__Provided material__
=====

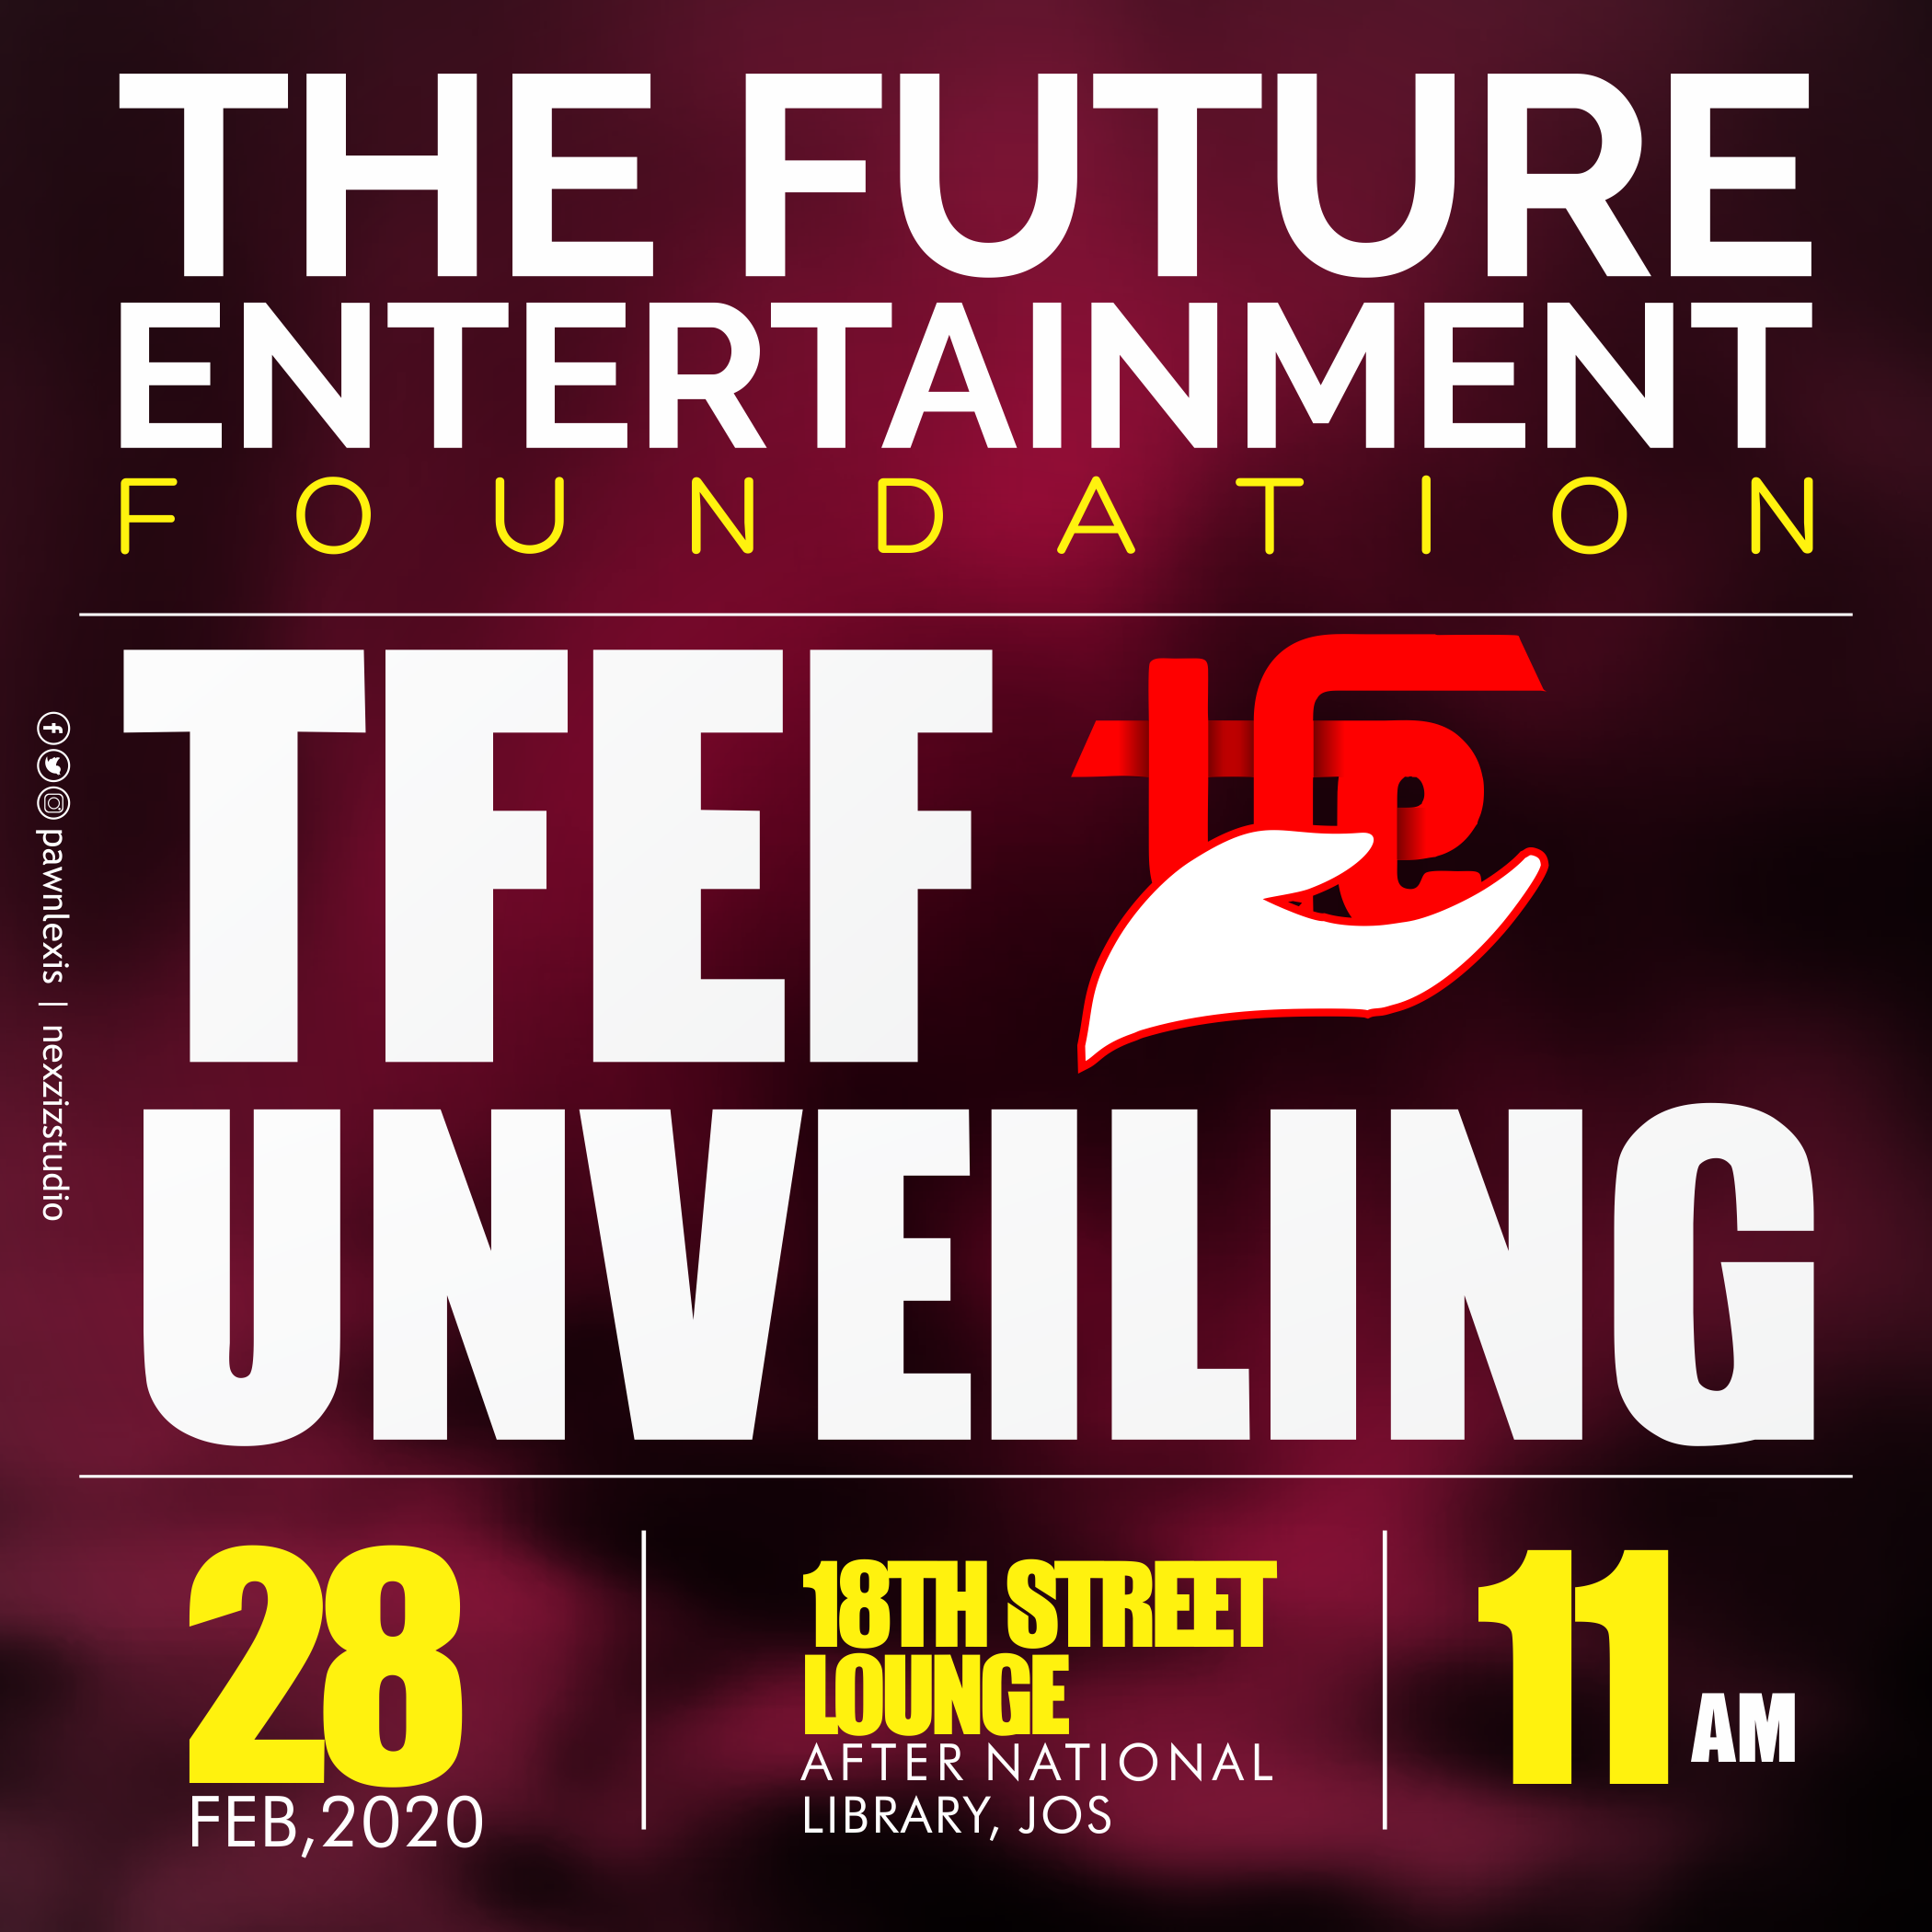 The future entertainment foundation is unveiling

=====

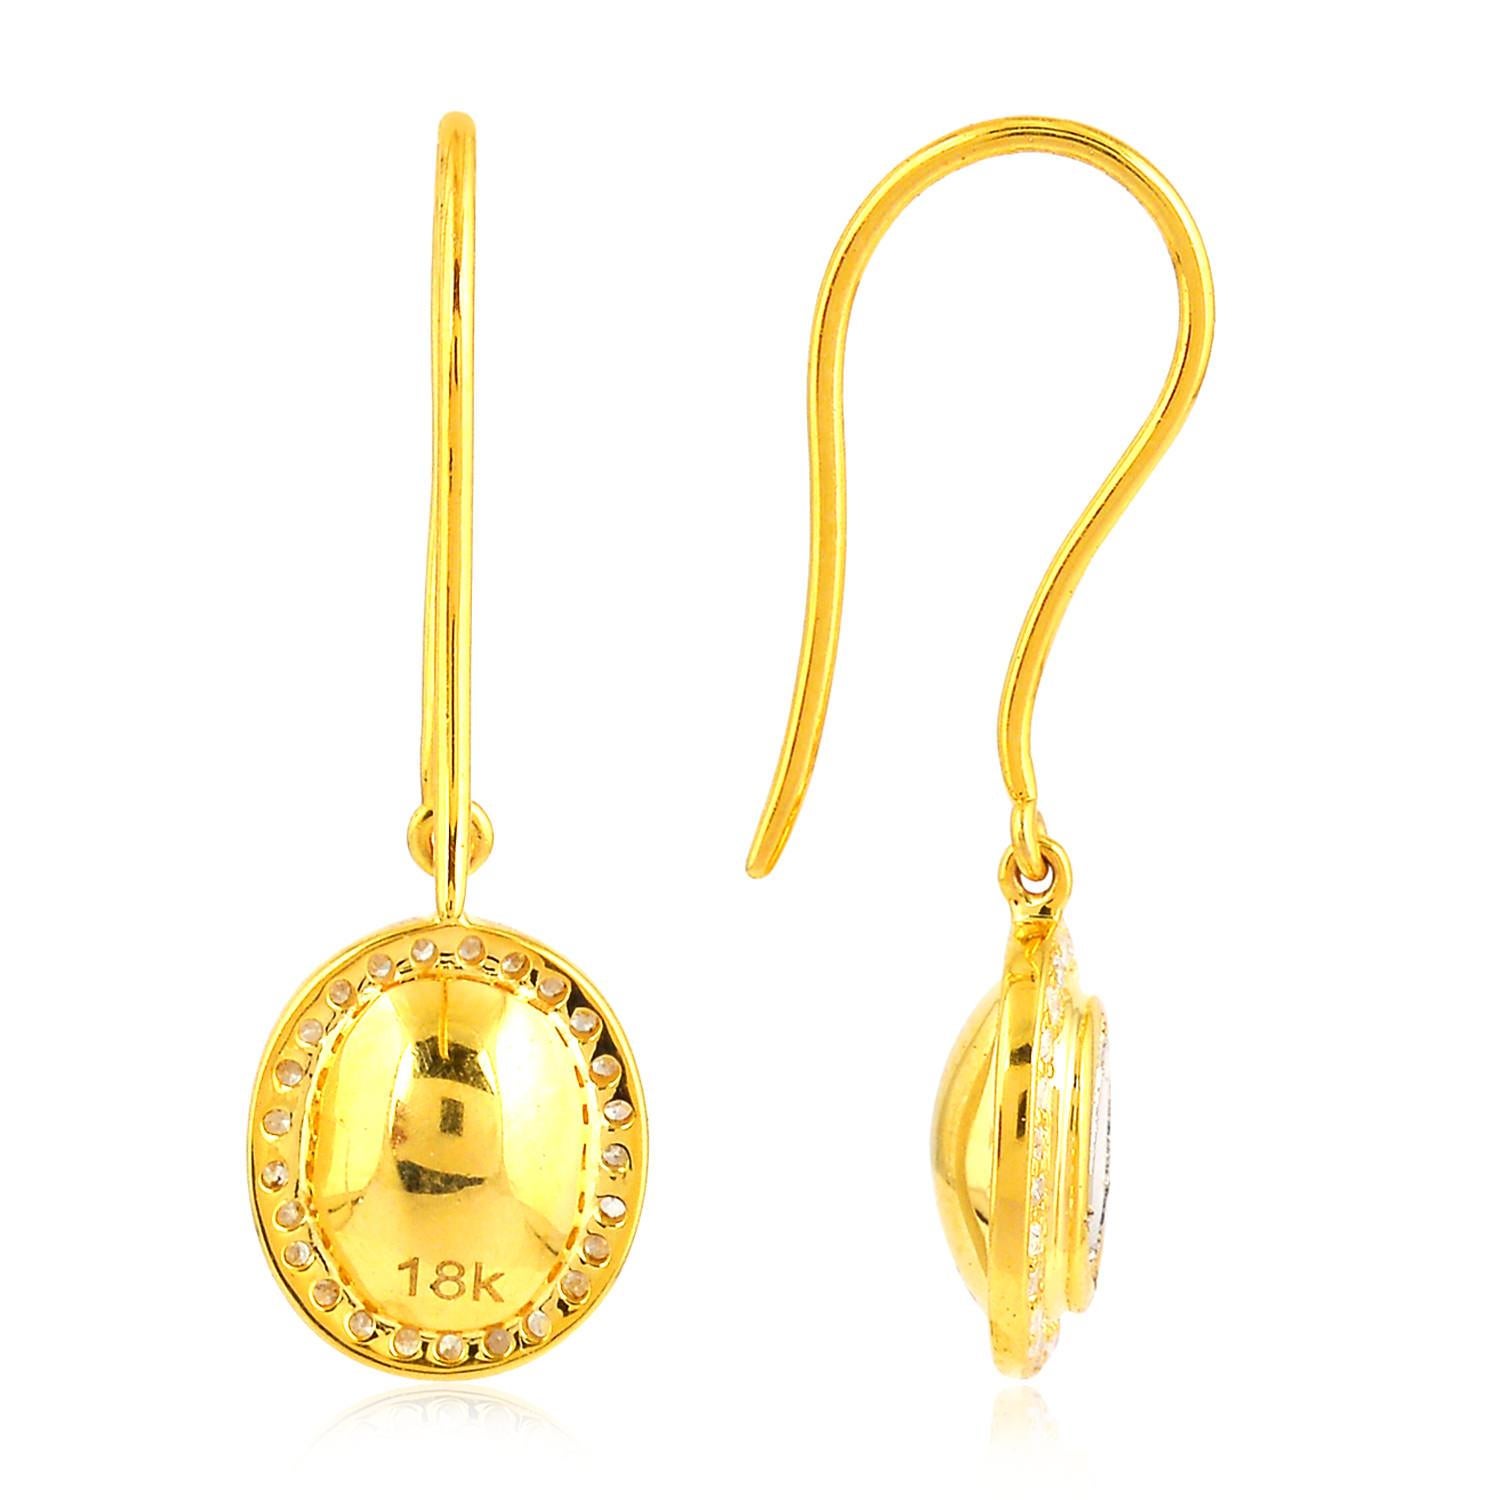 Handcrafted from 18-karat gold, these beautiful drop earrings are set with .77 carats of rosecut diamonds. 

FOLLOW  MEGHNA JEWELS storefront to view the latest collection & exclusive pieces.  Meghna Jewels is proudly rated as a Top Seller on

=====

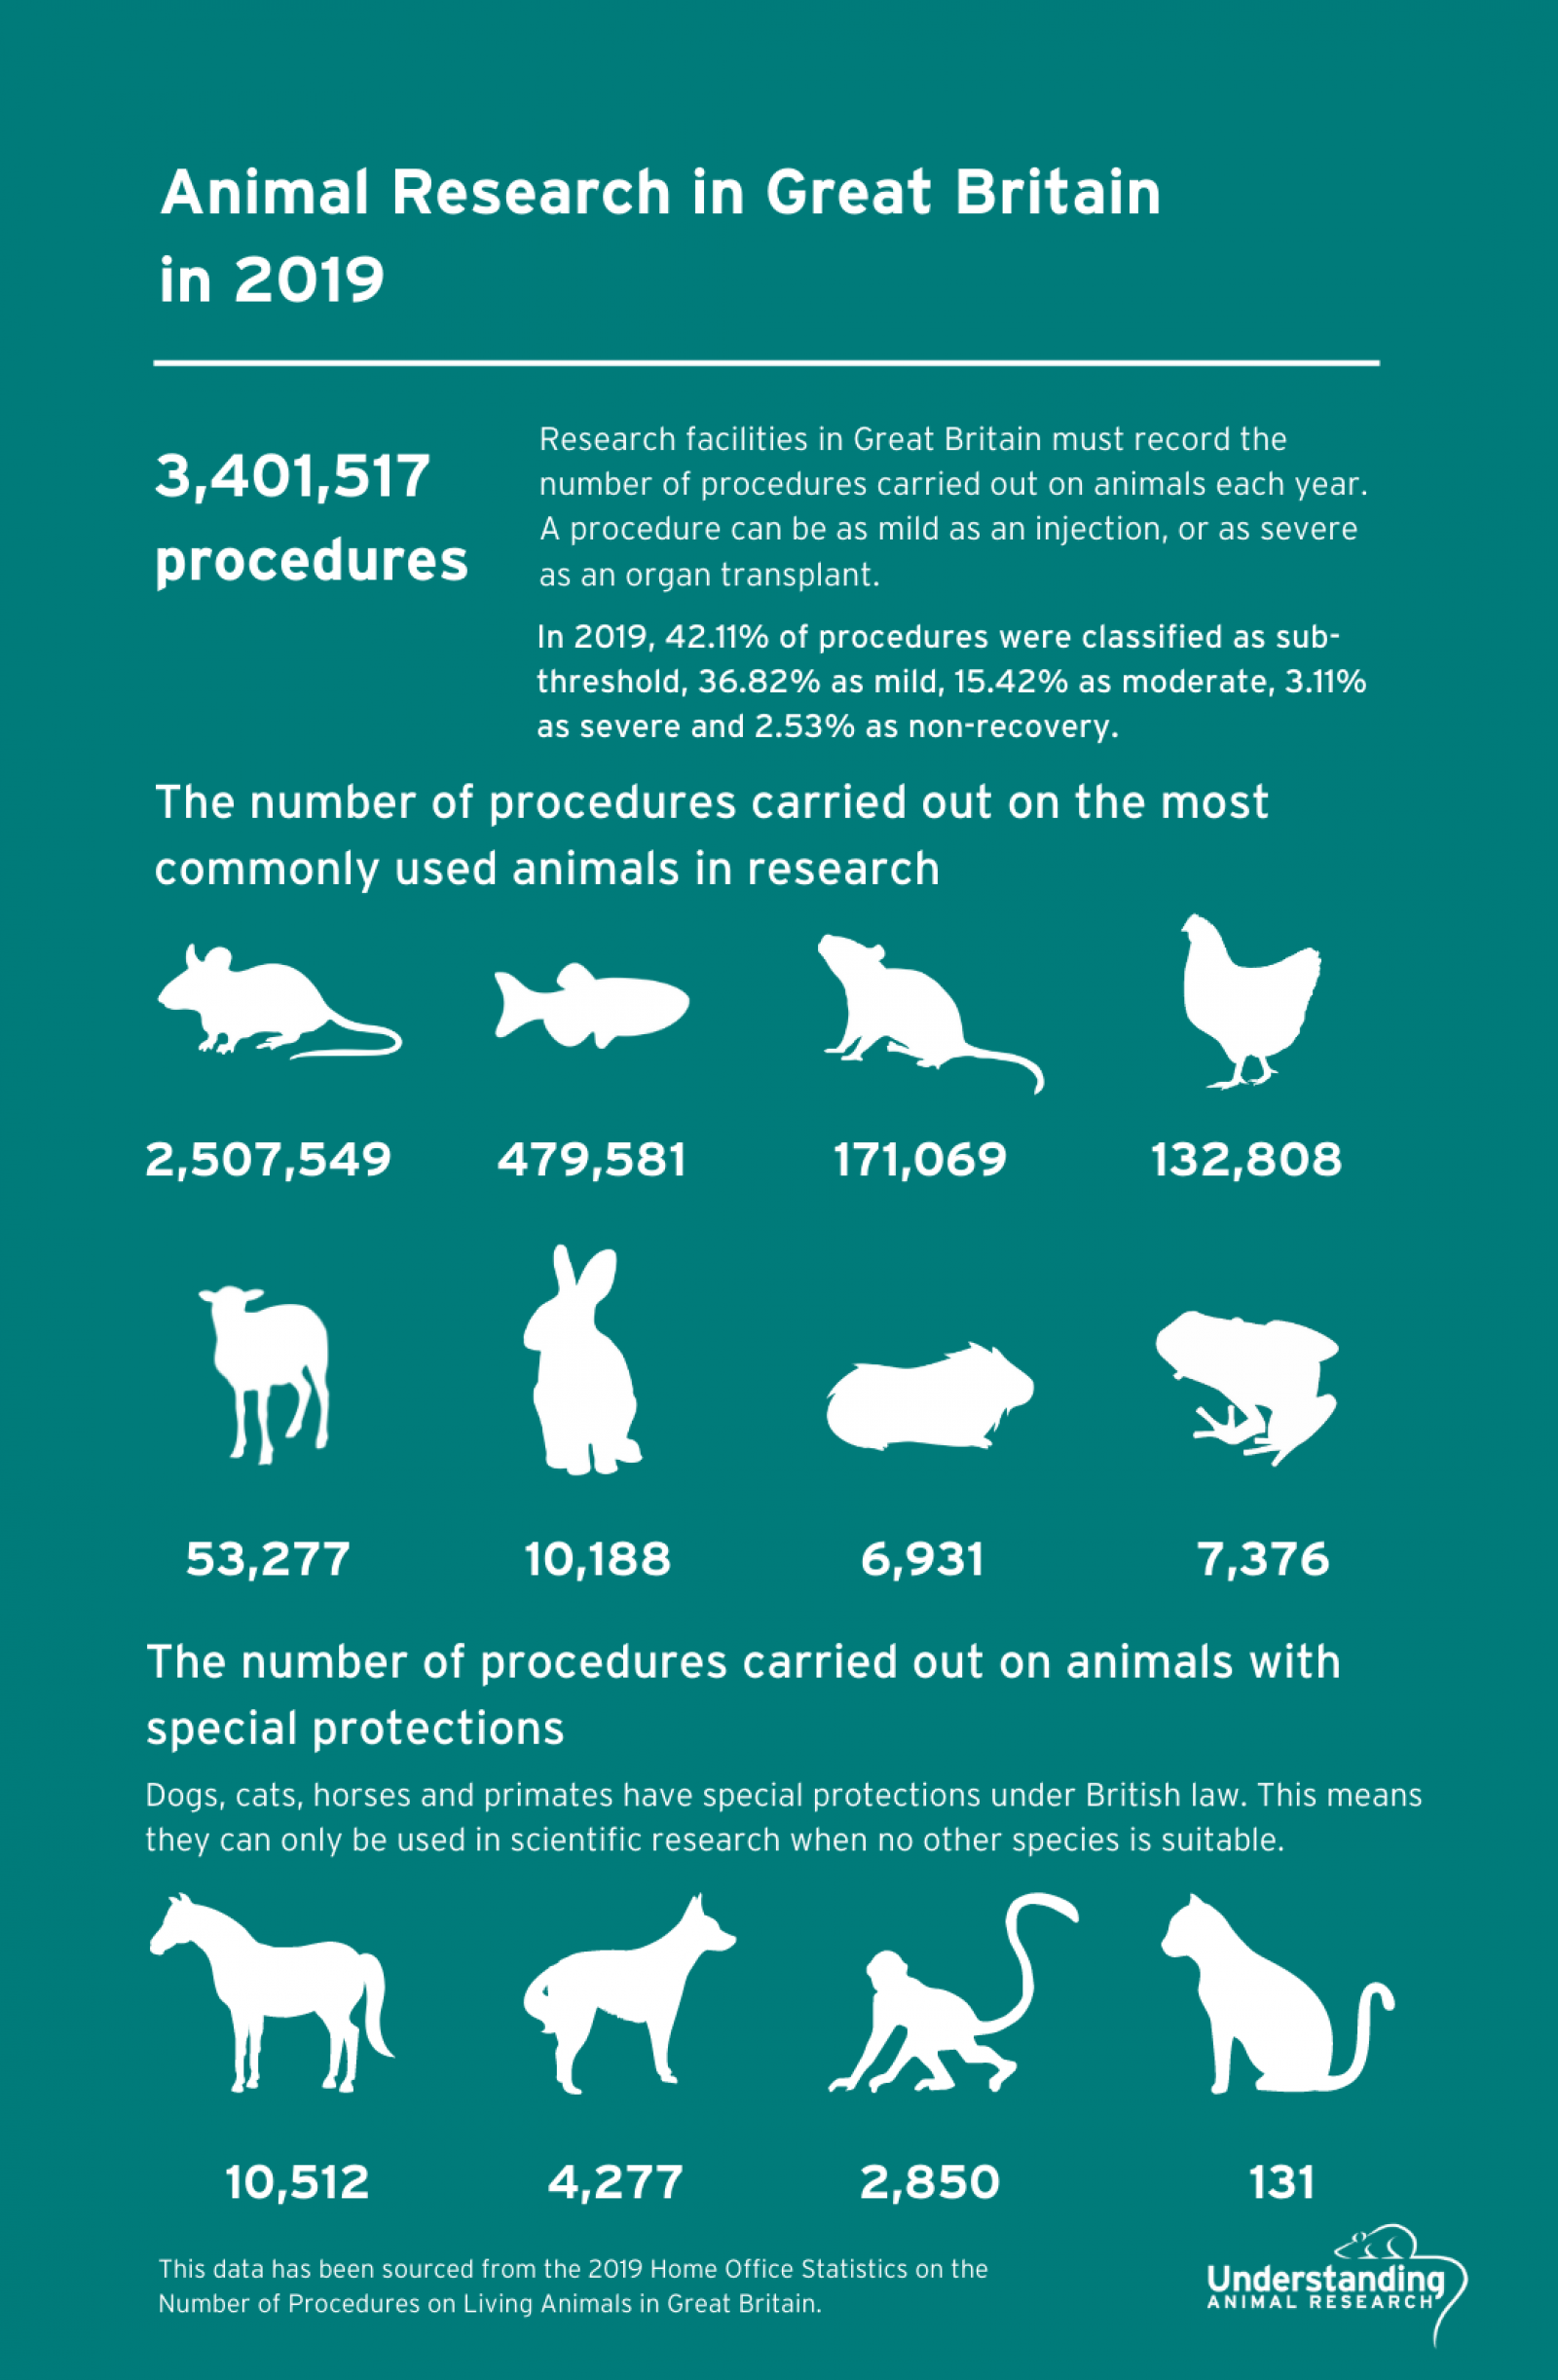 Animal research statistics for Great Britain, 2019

=====

__Work order__
Once the line with "Handcrafted from 18-karat" is found above, print it and every line after it through the line with "Top Seller on", exactly. Pictures stay out.

__Written response__
 Handcrafted from 18-karat gold, these beautiful drop earrings are set with .77 carats of rosecut diamonds. 

FOLLOW  MEGHNA JEWELS storefront to view the latest collection & exclusive pieces.  Meghna Jewels is proudly rated as a Top Seller on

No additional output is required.